■ WORK ORDER
Nothing is needed except the lines below that run from the one with "Kelli Returns to Save the Track Bike" through the one with "2012 03 14 Route", repeated exactly.

■ STORED DATA
--------

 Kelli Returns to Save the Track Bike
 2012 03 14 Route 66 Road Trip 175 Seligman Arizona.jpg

--------

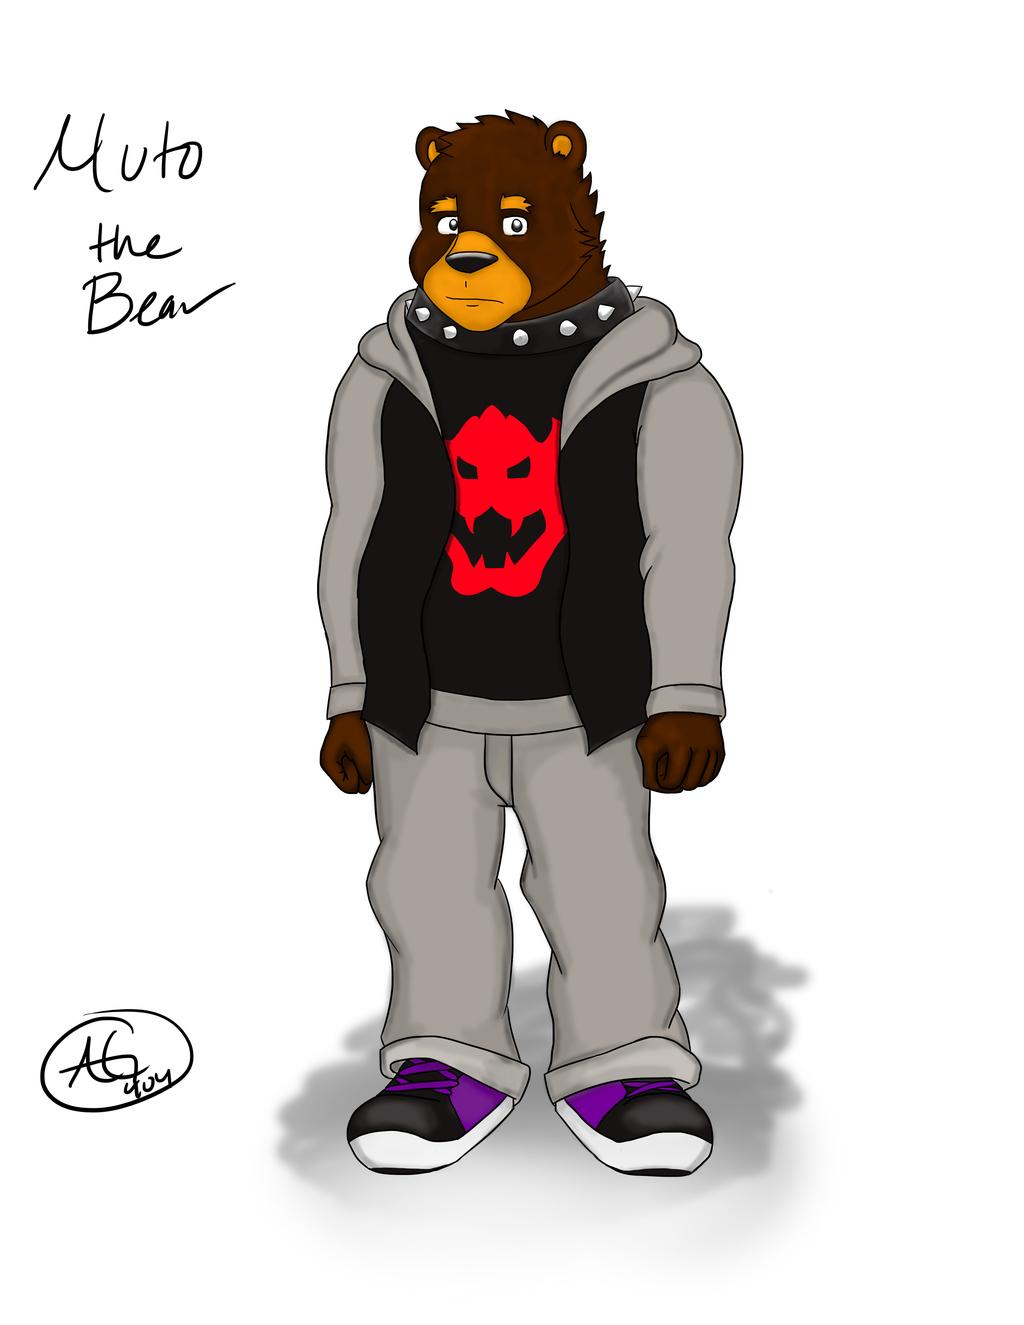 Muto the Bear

--------

■ YOUR RESPONSE
 Kelli Returns to Save the Track Bike
 2012 03 14 Route 66 Road Trip 175 Seligman Arizona.jpg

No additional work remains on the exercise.